Wang Baole menghela napas dan mengambil Artefak Dharma kedua untuk mencoba lagi. Kemajuannya awalnya berjalan dengan baik, tetapi setelah setengah jam, ledakan keras menyertai penghancuran total Artefak Dharma kedua. Wang Baole terkejut, dan setelah mengeluarkan Artefak Dharma kedua untuk diperiksa, ia menemukan bahwa bukan hanya Inti Rohnya yang hancur total, tetapi prasastinya juga semuanya terdistorsi.

“Apakah ini benar-benar mustahil?” Wang Baole menggaruk kepalanya sambil melihat sejumlah besar Artefak Dharma yang tidak dapat ia jual. Setelah memikirkannya, ia memutuskan untuk terus mencoba.

Dalam sekejap mata, tiga hari berlalu. Dalam tiga hari itu, Wang Baole tenggelam dalam proses mencoba mengintegrasikan Pasir Persenjataan dengan Artefak Dharma. Ia gagal delapan belas kali dan sangat putus asa hingga hampir menyerah.

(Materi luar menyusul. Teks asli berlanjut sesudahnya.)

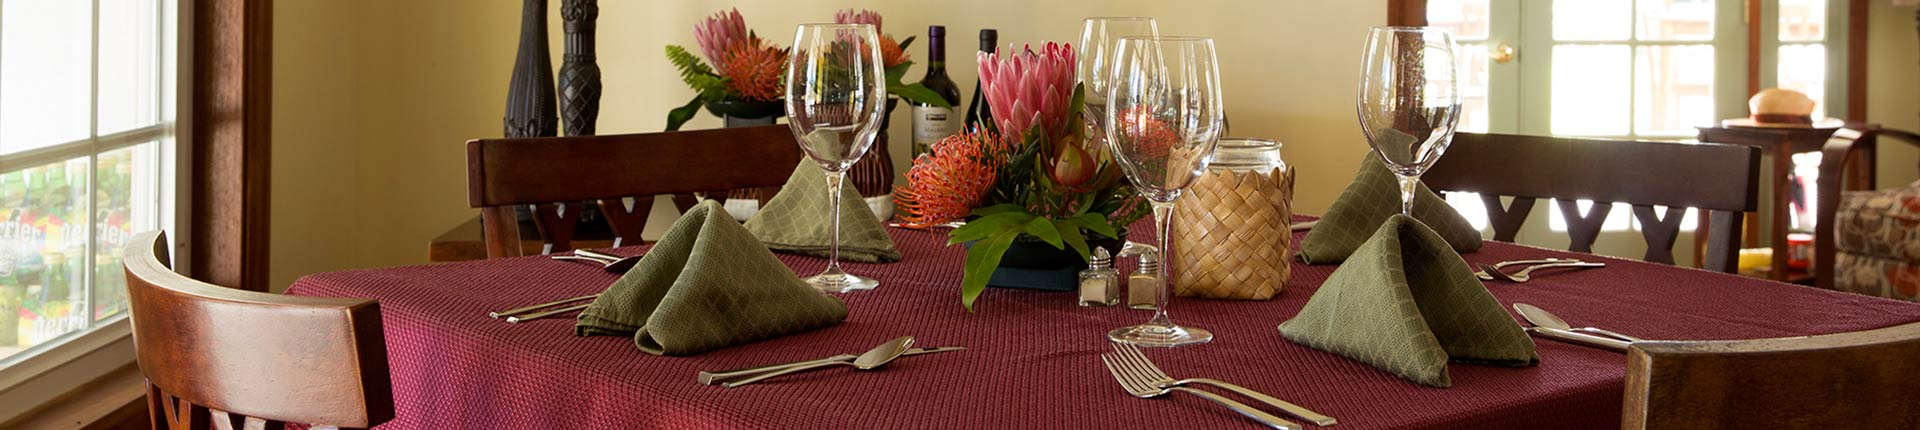 Dining table at Kalaekilohana Inn & Retreat Hawaii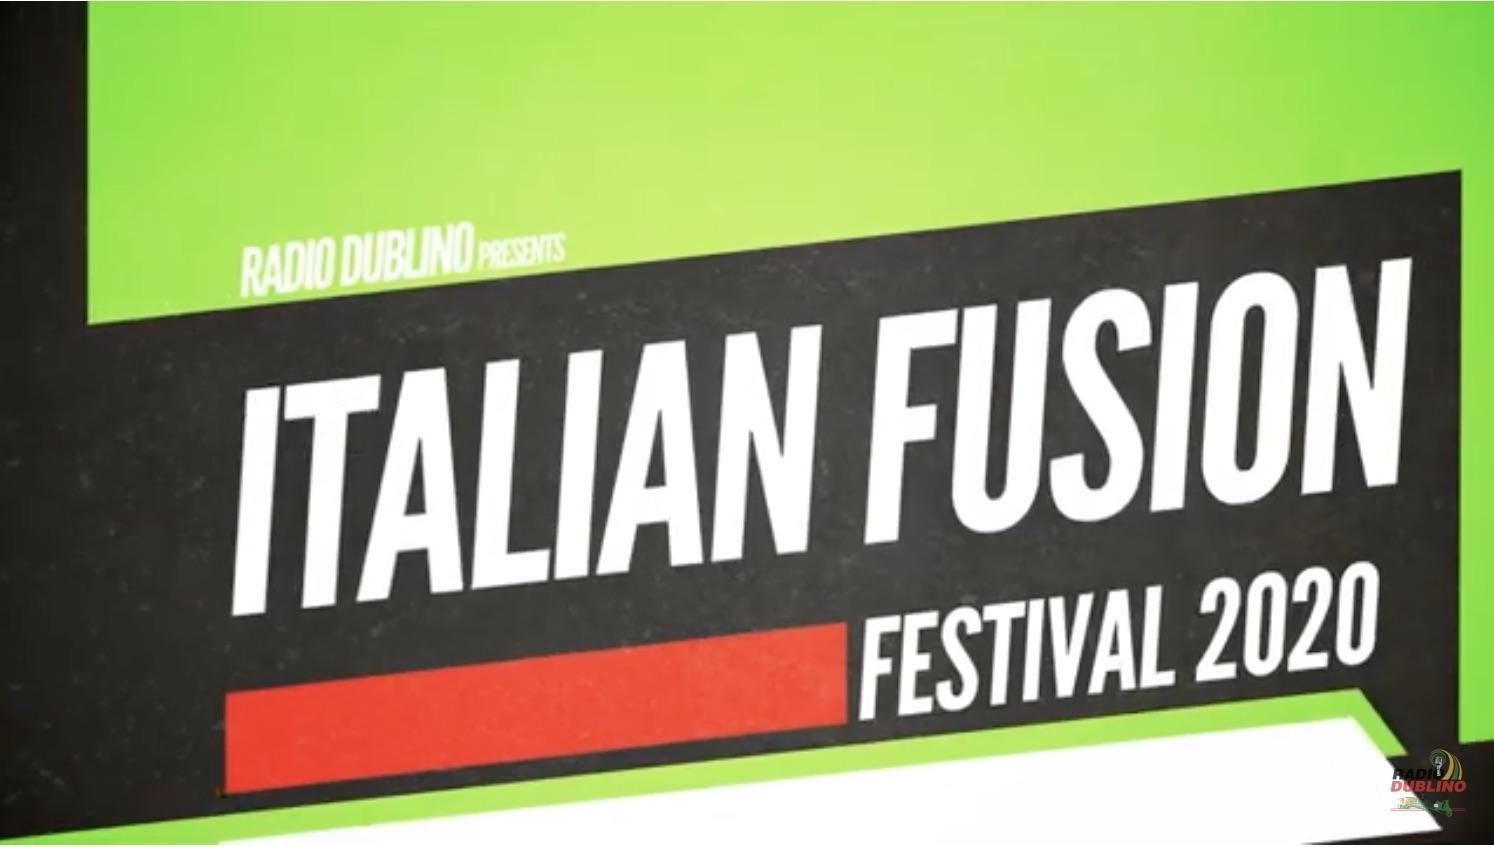 Italian Fusion Festival 2020 | Livestream Edition

Dalam sebagian besar dari delapan belas kegagalan itu, seluruh Artefak Dharma menjadi tidak stabil tidak lama setelah Pasir Persenjataan diintegrasikan. Semua prasasti di dalam Artefak Dharma hancur dan terdistorsi satu demi satu. Seolah-olah Artefak Dharma tidak dapat menahan integrasi Pasir Persenjataan dan langsung hancur.

Namun, ketika Wang Baole hampir menyerah dengan putus asa, pada percobaan penyempurnaan kesembilan belasnya, yang melibatkan pedang terbang tingkat dua, sebuah cahaya terang tiba-tiba muncul setelah pedang terbang itu bergetar saat menyatu dengan Pasir Persenjataan.

Munculnya cahaya itu membuat Wang Baole bersemangat. Dia segera mengerahkan upaya terbaiknya untuk mengendalikannya. Setelah lima menit, saat dia mengambil kembali pedang terbang itu setelah cahaya menghilang, dia menyadari bahwa ada perubahan nyata yang terjadi padanya.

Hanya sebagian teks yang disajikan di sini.